This week the Connecticut Attorney General’s Office released its “NYU Law Fellow Application”. As CLW readers know, these applications were in fact responses to a request for proposals, by a group created by billionaire party donor and climate activist Michael Bloomberg to place privately hired activist attorneys as “Special Assistant Attorneys General”.
These “SAAGs” are engaged in litigation opposing Trump administration reforms, but also investigations of private parties, similar to those investigations requested by the tort bar in its famous call for “a single sympathetic attorney general” to begin subpoenaing private party records and thereby give the plaintiffs’ campaign a boost.
This application is the same document released so far by other attorneys general who also submitted applications to the same donor for their own special-interest SAAGs (District of Columbia, New Mexico, New York, Oregon, Pennsylvania, Vermont, Virginia, and Washington), also without claiming privilege and without redactions.
It is the same document that Maryland AG Brian Frosh has forced the public to file suit to obtain, even asking the court to only review his promises made to Bloomberg’s group, under seal.

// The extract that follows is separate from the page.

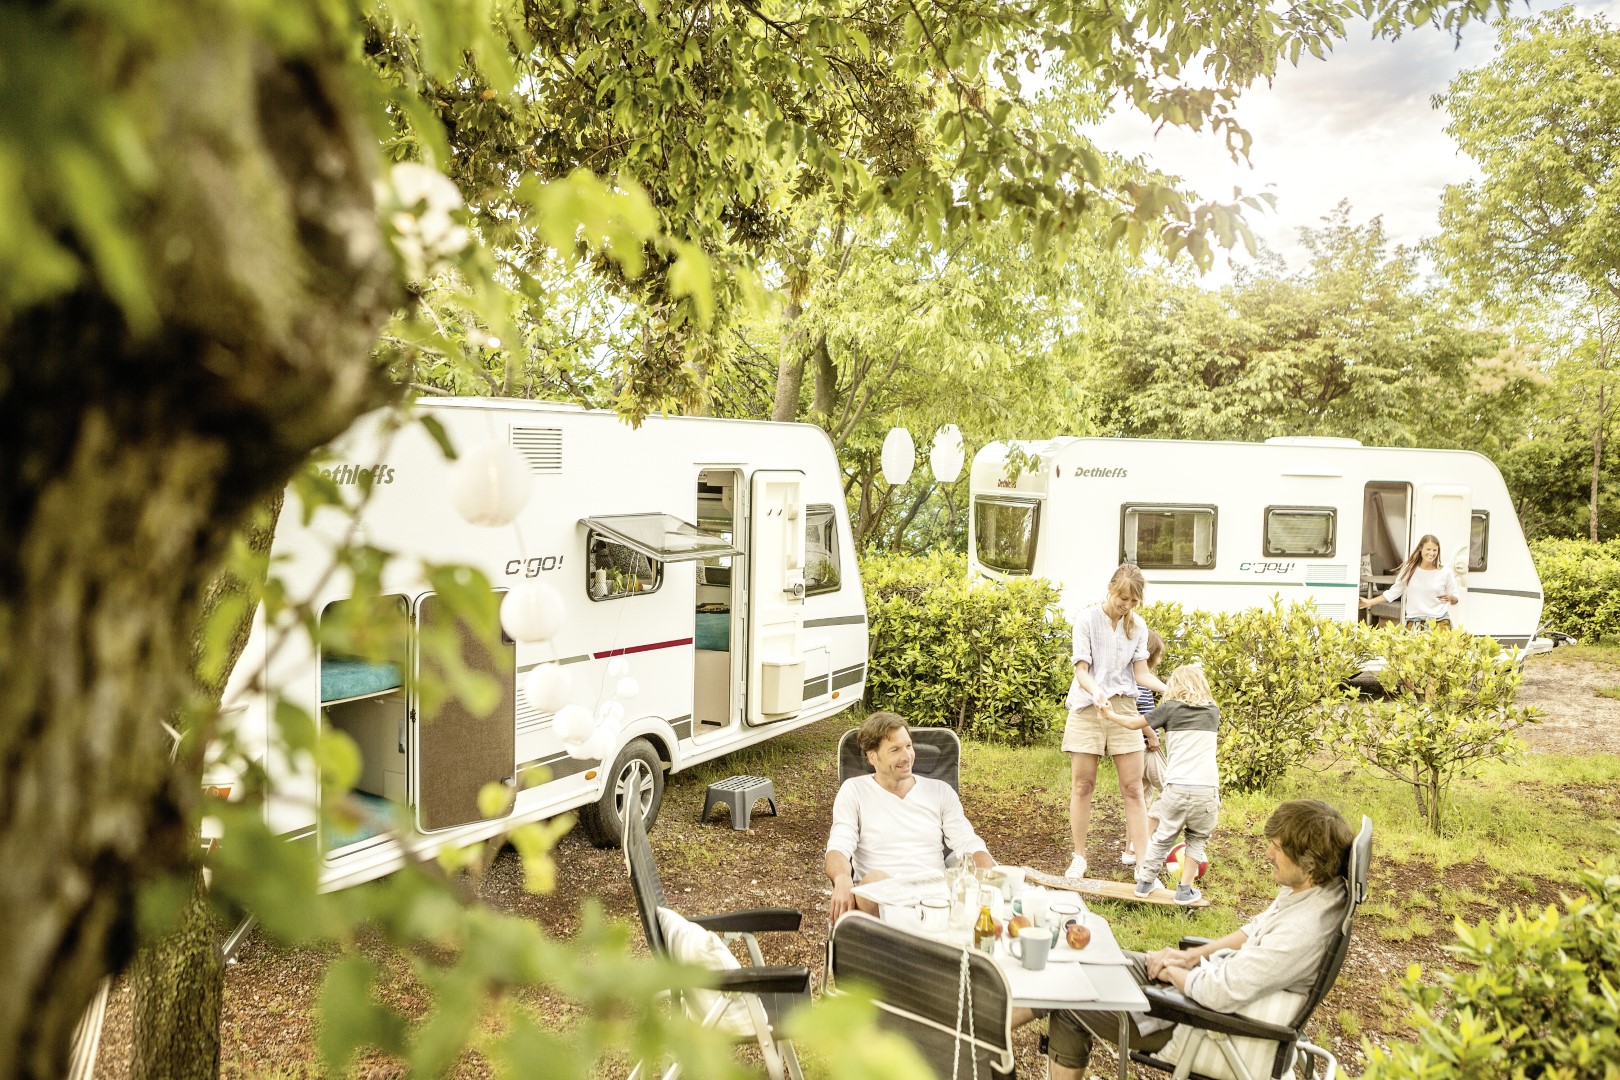 Campingformen von Familiencamping über Camping mit Kindern, zu zweit, allein oder Camping mit Hund - wie campst Du am liebsten?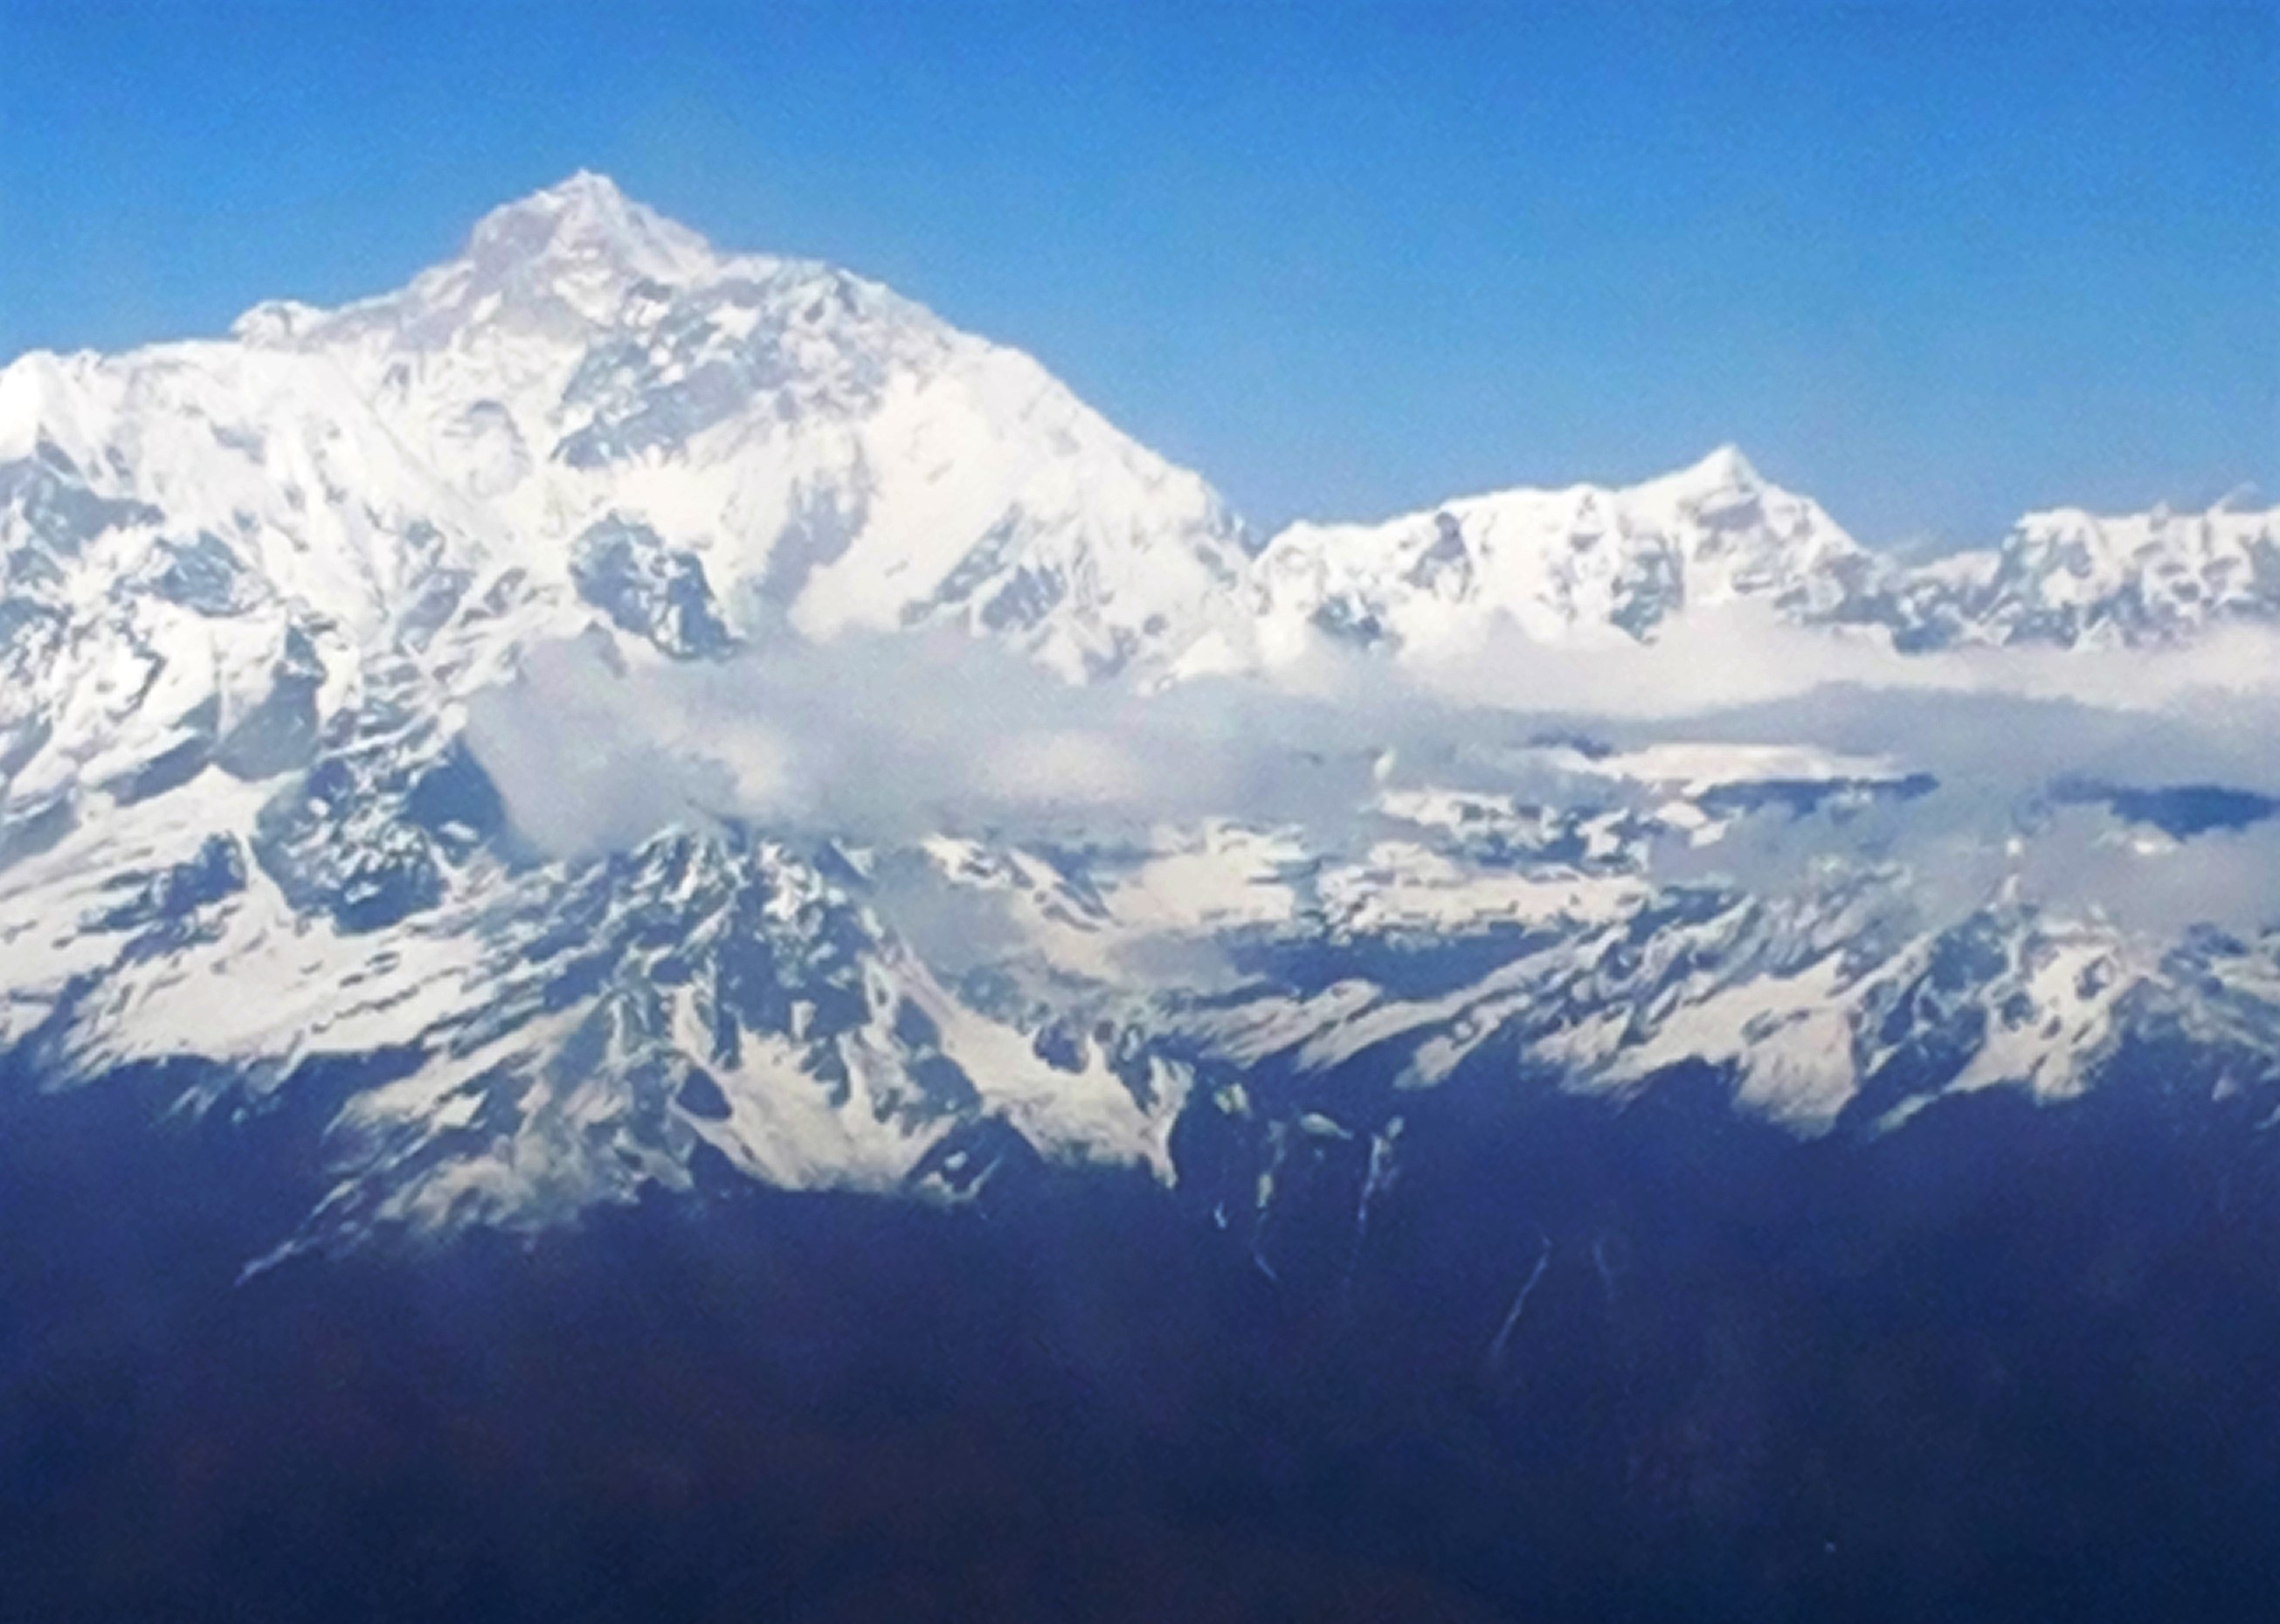 (Vista do avião para o Monte Everest. Foto: Ana Arantes)

Bloomberg picked Frosh out of a crowded Democratic primary in 2013 and has had a very good friend since. Frosh was even Bloomberg’s initial chief recruiter for OAGs to take on privately hired attorneys as “Special Assistant Attorneys General” (SAAGs) for climate.
Frosh is the only AG to have not one but three Bloomberg-funded “Special Prosecutors”.
The question remains what promises Frosh made to Bloomberg’s group that he is hiding, that no other AG dared to claim must be shielded from public view.